ARM CPUs are designed to be power efficient while still delivering high performance. The amount of power an ARM CPU uses depends on the specific chip architecture, clock speed, workload, and power saving features enabled.
Key Factors That Determine ARM CPU Power Consumption
There are several key factors that determine how much power an ARM CPU will draw:
- CPU architecture – More advanced ARM architectures like ARMv8 are more power efficient than older designs like ARMv7.
- Manufacturing process – Smaller manufacturing processes like 7nm allow for lower voltage operation.
- Clock speed – Higher CPU clock speeds require more power.
- Core count – More CPU cores consume more total power but can distribute work efficiently.
- Workload – Light workloads consume less power than heavy multithreaded workloads.
- Power saving features – Dynamic voltage and frequency scaling and idle power states can reduce power draw.
ARM CPU Power Consumption Ranges
Here are some approximate power consumption figures for different types of ARM CPUs:
- Simple microcontroller-class ARM cores may use as little as 10-20mW.
- Efficient mobile ARM cores like Cortex-A55 can use around 250mW at peak performance.
- High performance mobile CPUs like Snapdragon 865+ use 2-5W in normal use cases.
- Server-class ARM CPUs like Ampere Altra draw 30-40W under load.
- The highest performance ARM chips for HPC can consume over 200W when fully utilized.
As you can see, there is a very wide range – from milliwatts for simple embedded cores to over 100W for server chips. But in general, ARM designs are engineered for power efficiency compared to x86 CPUs.
Factors That Reduce ARM CPU Power Consumption
There are a number of architectural optimizations used in ARM CPU design to reduce power consumption:
- Reduced Instruction Set (RISC) – RISC architectures require fewer transistors which reduces power draw.
- Advanced Manufacturing Nodes – Smaller transistors can operate at lower voltages to reduce power.
- Big.LITTLE – Mixing high performance and efficient CPU cores allows optimal power scaling.
- Heterogeneous Compute – Offloading work to specialized processors like GPUs and NPUs.
- Dynamic Voltage & Frequency Scaling – Clock speed and voltage can scale based on workload.
- Idle Power States – Parts of the CPU can be powered down when not needed.
Measuring ARM CPU Power Consumption
To accurately measure the power draw of an ARM CPU, you will need a few tools:
- Multimeter – For measuring current draw at the board level.

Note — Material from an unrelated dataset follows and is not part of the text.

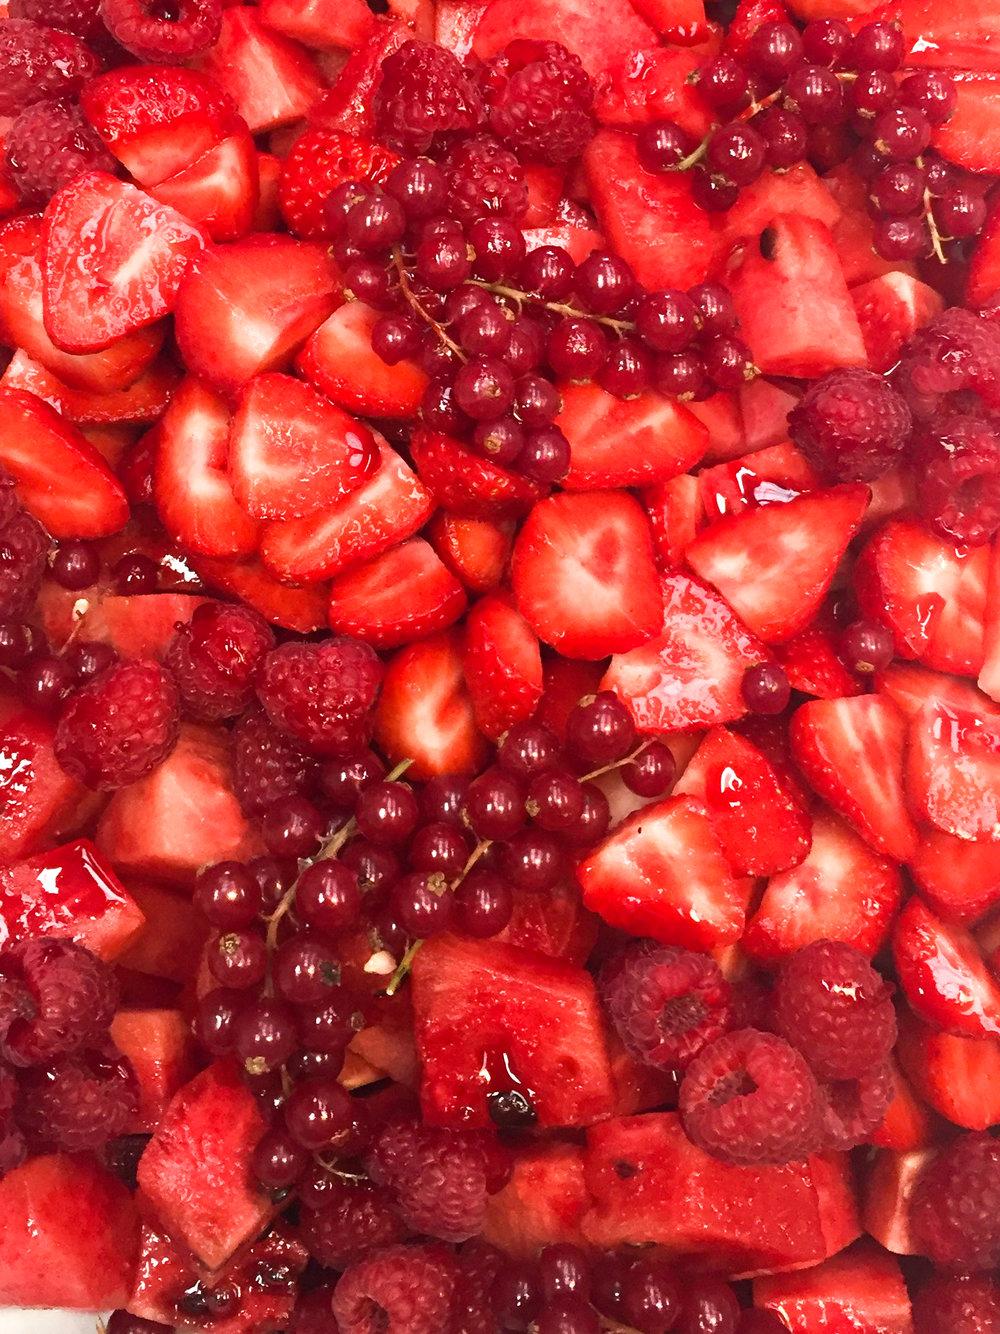 Summertime Red Fruit Salad
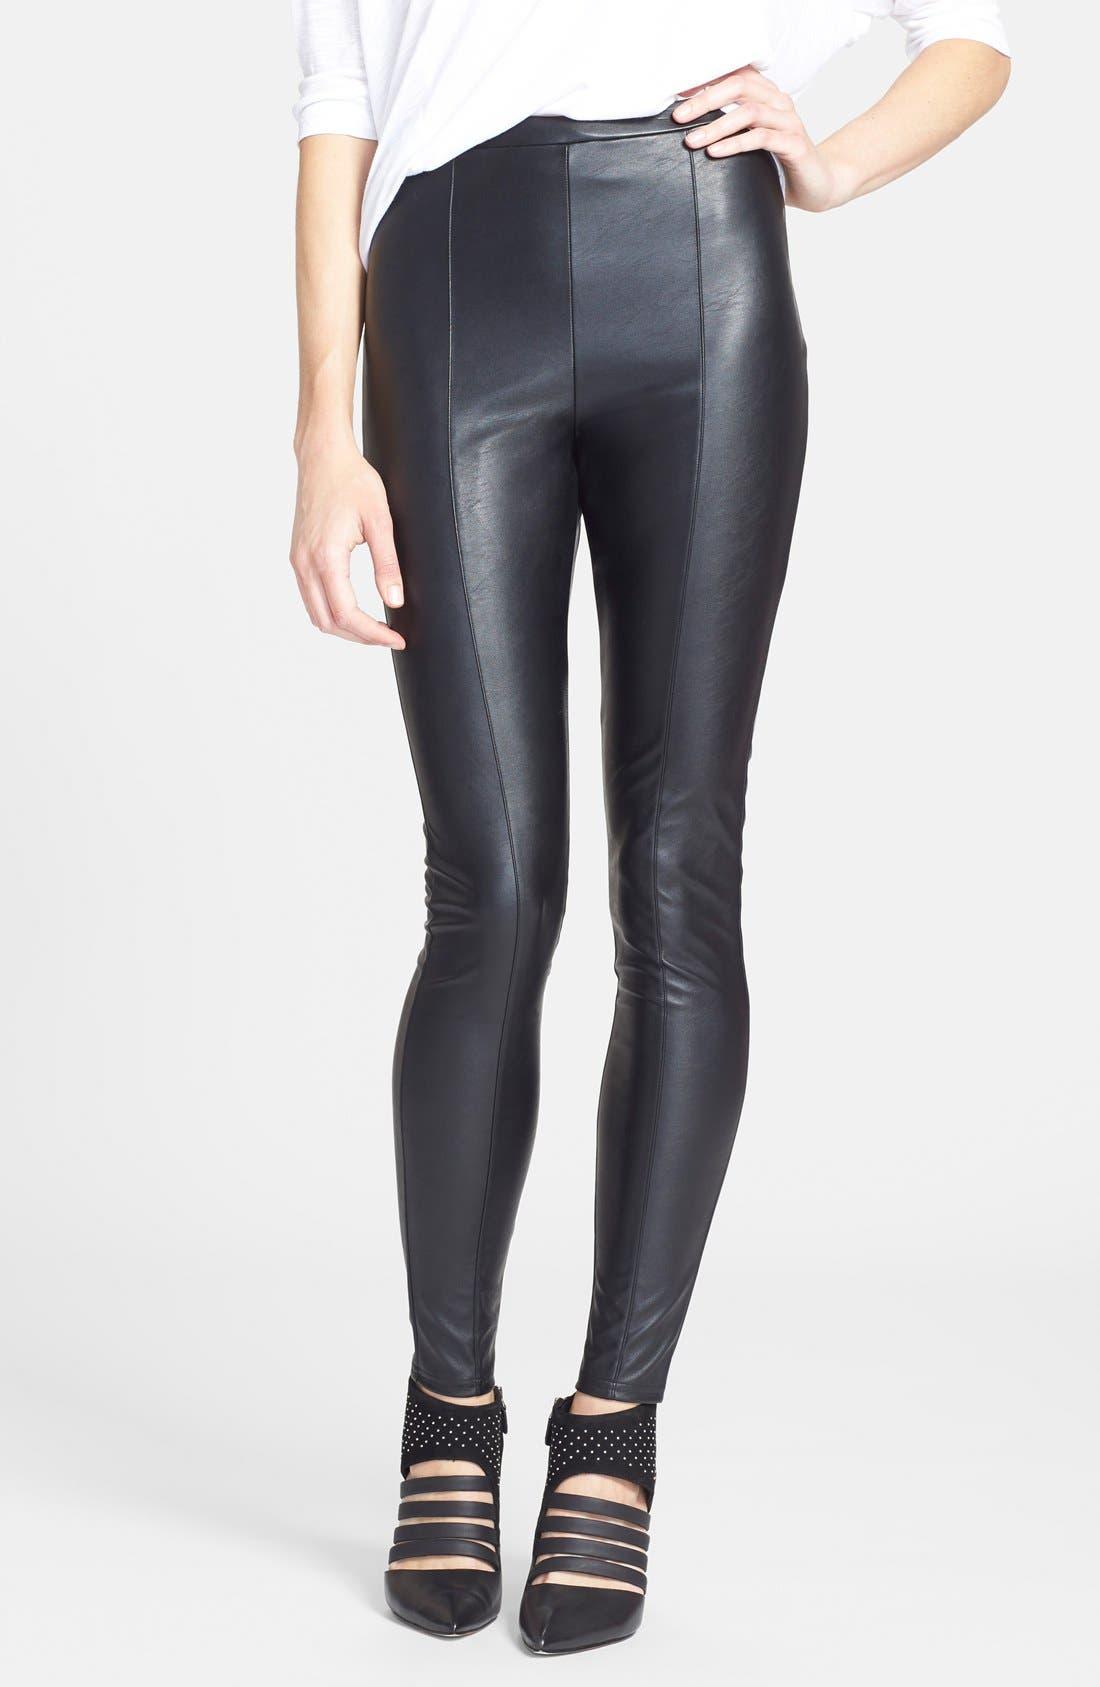 Alternate Image 1 Selected - Tildon High Waist Faux Leather Leggings

- Power monitor – Used between the power supply and board to measure overall system power.
- Logic analyzer – Provides power draw over time at the SoC level.
- Thermal camera – Visualizes hot spots and heat dissipation issues affecting power.
- Embedded power sensors – Some ARM SoCs feature on-die power monitoring capabilities.
Carefully instrumenting and measuring power at each level provides a detailed view of ARM CPU power consumption under different workloads and configurations.
Typical ARM CPU Power Consumption Profiles
Looking at a typical modern ARM-based smartphone SoC like the Snapdragon 865, we can see variations in CPU power consumption under different scenarios:
- Idle state power draw – ~10mW
- Light use (web browsing) – ~250mW average
- Gaming – 2-3W sustained power
- Heavy multithreaded workload – ~4-5W power
For a high performance ARM server CPU like Ampere Altra:
- Idle state – ~5W
- Moderate compute tasks – ~15-30W
- All cores loaded – Up to 200W power draw
Measuring the power at different levels of utilization demonstrates ARM’s ability to be extremely power efficient under light workloads while still scaling up to deliver high performance when needed.
Optimizing ARM CPU Power Efficiency
There are also steps developers can take to optimize power efficiency when designing using ARM CPUs:
- Take advantage of heterogeneous computing by offloading to GPUs, NPUs, and DSPs.
- Minimize memory accesses and unnecessary data movement.
- Ensure workloads can scale across all cores to maximize performance per watt.
- Use power efficient languages like C instead of managed languages.
- Profile power consumption and look for hot spots.
- Use low power modes and turn off peripherals when not needed.
Efficient coding practices combined with ARM’s architectural advantages enables industry-leading power efficiency for embedded and mobile applications.
Conclusion
ARM CPUs deliver an impressive combination of high performance and power efficiency. Simple ARM cores can sip power at milliwatt levels while advanced multi-core server chips can still draw 100+ watts under full load. But efficient RISC architecture, advanced manufacturing, and intelligent power management allows ARM processors to often beat alternative architectures like x86 in performance per watt – a key metric for embedded and mobile applications.